As CXL 3.0 enables memory pooling (sharing HBF across multiple GPUs in a rack), Astera's TAM expands from per-socket to per-rack.
B. Controllers — The Brain
Silicon Motion (SIMO) & Marvell (MRVL)
HBF requires complex error correction (ECC), wear leveling, and logic management far beyond standard SSD controllers.
- SIMO: Primary beneficiary if HBF adoption spreads to mid-range enterprise. Controller IP already in 70%+ of client SSDs.
- Marvell: Go-to for custom ASIC controllers for hyperscalers (Google/AWS) building custom HBF rack architectures.
C. Inspection & Packaging — The Safety Net
Camtek (CAMT) — Zero Tolerance
Stacking 300+ NAND layers with TSVs requires rigorous inspection at every level. If one layer fails, the entire stack is waste. Camtek's 2D/3D inspection equipment is mandatory for yield management. The harder HBF is to build, the more indispensable Camtek becomes.
BE Semiconductor (BESI) — The Bonder
Leader in hybrid bonding equipment — the technology required to connect ultra-dense NAND layers to logic dies at sub-micron pitch.
D. Systems — The Integrator
Pure Storage (PSTG) — The Enterprise Bridge
Using "DirectFlash" technology that eliminates the traditional SSD form factor, Pure Storage is positioned to integrate HBF components into turnkey "AI Data Lakes" for enterprise clients. They bridge the gap between raw components and usable infrastructure.
6. Investment Framework
The Thesis in Three Sentences
- SK Hynix's H3 paper validates that HBM+HBF hybrid achieves 2.69x better throughput-per-watt for LLM inference.
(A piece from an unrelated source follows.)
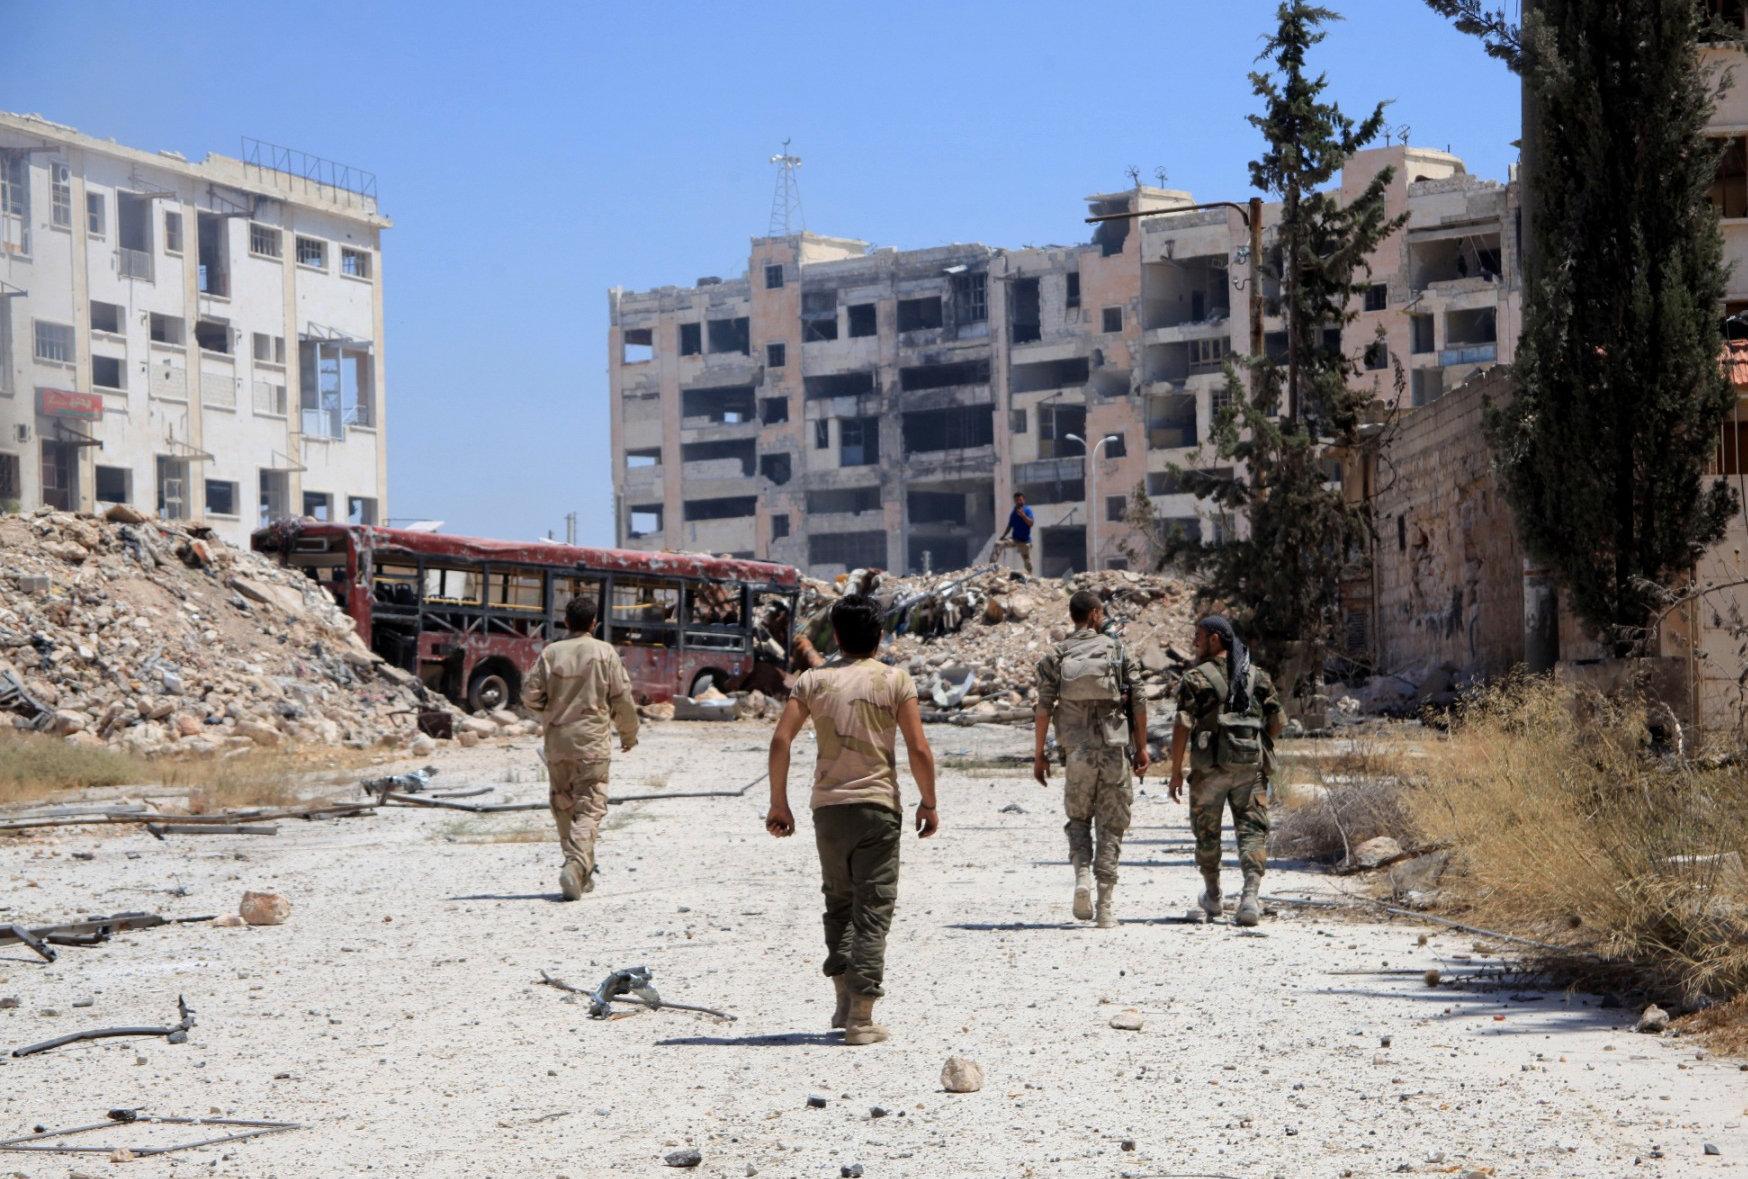 Soldados sirios patrullan uno de los corredores humanitarios establecidos para la evacuación de civiles en el barrio de Leramun, Alepo, 28 de julio de 2016

- SanDisk and SK Hynix are standardizing HBF with samples in H2 2026, making this a 12-18 month investment horizon.
- The supply chain winners are identifiable today, before commercialization.
Strategy Matrix
| Approach | Ticker(s) | Rationale |
|---|---|---|
| Aggressive | SK Hynix (000660.KS), SanDisk (SNDK) | Direct HBF innovators with first-mover advantage |
| Infrastructure | Astera Labs (ALAB) | Indispensable CXL connectivity — toll road for HBF |
| Safety | Camtek (CAMT) | Complexity tax — the harder HBF is to build, the more they earn |
| Scale | Samsung (005930.KS), Micron (MU) | Vertical integration and cost advantages once standards set |
| Integration | Pure Storage (PSTG) | Enterprise adoption layer for HBF-based AI data lakes |
Key Catalysts to Watch
- CXL 3.0 specification ratification (expected late 2026) — sets the interface standard for HBF
- SK Hynix / SanDisk HBF samples (H2 2026) — first physical validation
- First AI inference systems with HBF (early 2027) — proof of commercial viability
- Hyperscaler procurement signals — watch for CXL memory references in MSFT/GOOG/AMZN/META CapEx calls
- Samsung HBF product announcement — validates market size and competitive intensity
Risk Factors
- Hardware roadmaps could slip — 2026-2027 timeline is aggressive
- CXL adoption could fragment if competing standards emerge
- HBM cost reductions (HBM4 at lower price points) could narrow the TCO gap
- NAND oversupply cycles could compress margins for flash-heavy players
- China export controls may create fragmented standards
Disclaimer: This analysis implies a technological forecast for 2026-2027. Hardware roadmaps are subject to change. CrazyRich Agents provides AI-generated research for informational purposes only — not investment advice.